现在倒好,姜艷对一个啥也没有的巩曰龙,这么上心帮忙。
这一对比,像根刺扎在心里。
他脸上那种一切尽在掌握的表情,有点绷不住了。
除了震惊,还有点恼火,有点想不明白,还有那么点……为自己儿子觉得不值。
棋盘上的输贏,突然没意思了。
郑树最后没走那步棋,把棋子放回了盒子里。
忽然低低骂了句,
“妈的,姜艷那份多少人求都求不来的关照,倒白让这小子捡了个大便宜。”
郑涛推开院门时,他脚步有点急,脸上带著酒意。
看见父亲郑树还在石桌边,旁边坐著付明德,他愣了一下,隨即收敛了些。
“爸,付叔。”郑涛打了招呼,在空著的石凳上坐下。
郑树没抬眼,手里捏著棋子:“又喝多了?”
郑涛訕笑一下,“刚听几个朋友说,吴金水那边最近连栽跟头。吴三腿折了,王彪膝盖也碎了。”

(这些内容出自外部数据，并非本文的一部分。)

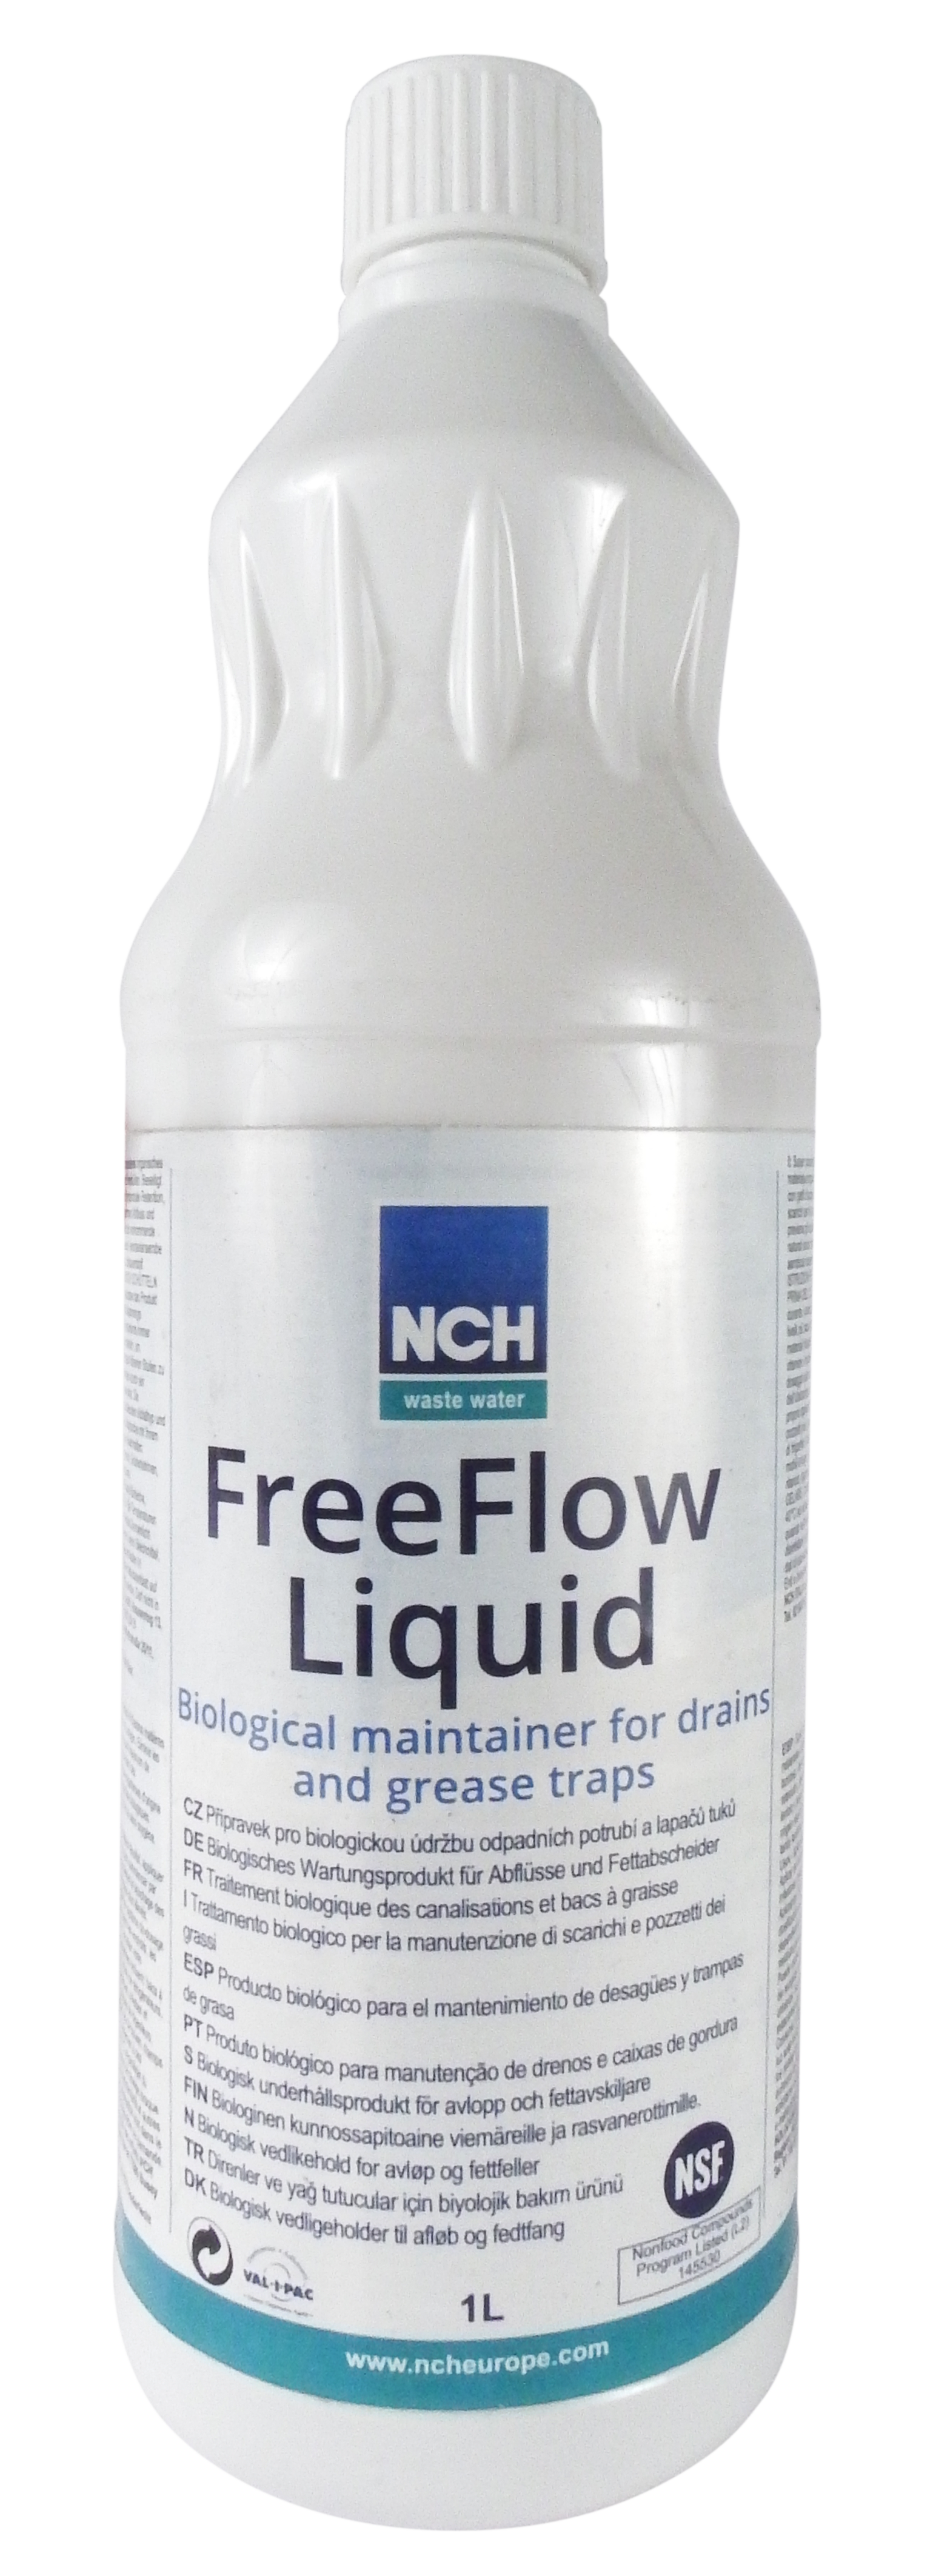 FreeFlow Liquid
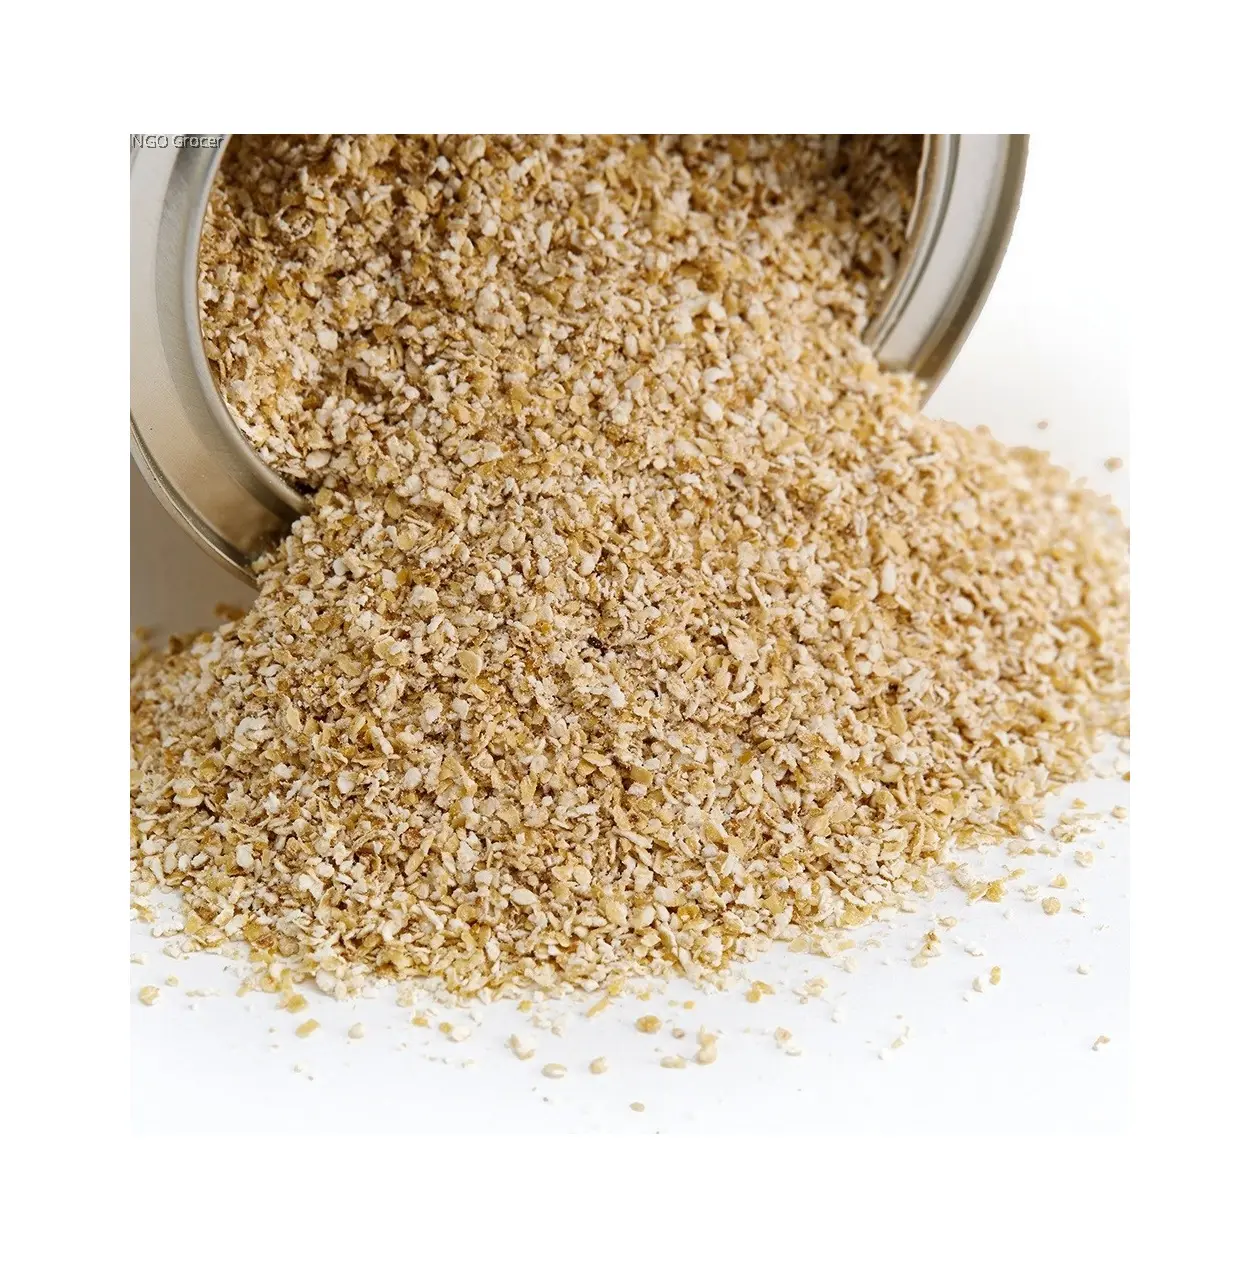 Hot Selling Price of Organic Oatbran / oat bran In Bulk

他瞥了眼付明德,继续道,“爸,付叔,您们说……吴金水要是真垮了,他手里那些砂石水泥的线……”
郑树把棋子啪地按在棋盘上。
郑涛噤声。
“吴金水垮不垮,是你该琢磨的事?”
“他手底下百十號人,砂场、堆料点、运输车队,哪个环节没他经营十年的根?断条腿,就能搬倒一棵大树?”
付明德端起凉透的茶,慢慢喝著,没说话。
郑涛不服,小声嘟囔:“可那巩曰龙不是一般人,姜艷都……”
“姜艷怎么了?”郑树打断他,眼神扫过儿子,又似无意地掠过付明德,
“姜艷是生意人,牵线搭桥是她的本事。但真要动刀动枪,掀別人饭碗……”他顿了顿,“那是另一回事。”
院子里很静。
郑树继续道:“高新区有高新区的规矩。该管的要管,”
他看了付明德一眼,“不该管的,也別瞎伸手。有些人有些事,自己碰上了,自己解决。外人硬插进去……”他摇摇头,没说完。
付明德放下茶杯,杯底轻触石桌,一声轻响。
郑涛看看父亲,又看看付明德,忽然明白了什么。
这话不止是说给他听的。
“爸,我懂了。”郑涛低下头,“是我瞎想。”
郑树嗯了一声,重新看向棋盘,像是自言自语,又像说给在场两人听:
“有人想吃饭,就得有人做饭。有人想掀桌子,也得看自己有没有那副好牙口。
咱们啊,把自家灶台守好就行。別的火,让它自己烧。”
他挪了一步帅,把自己困在了角落里。
“该插的手,不插会出事;不该动的指头,动了……”郑树抬眼,看向院外渐浓的夜色,“更麻烦。”
付明德站起身:“老领导,时候不早,我先回了。”
“好。”郑树点头,“明德,区里稳定要紧。有些热闹,看著就行。”
付明德頷首,没再多言,转身离开。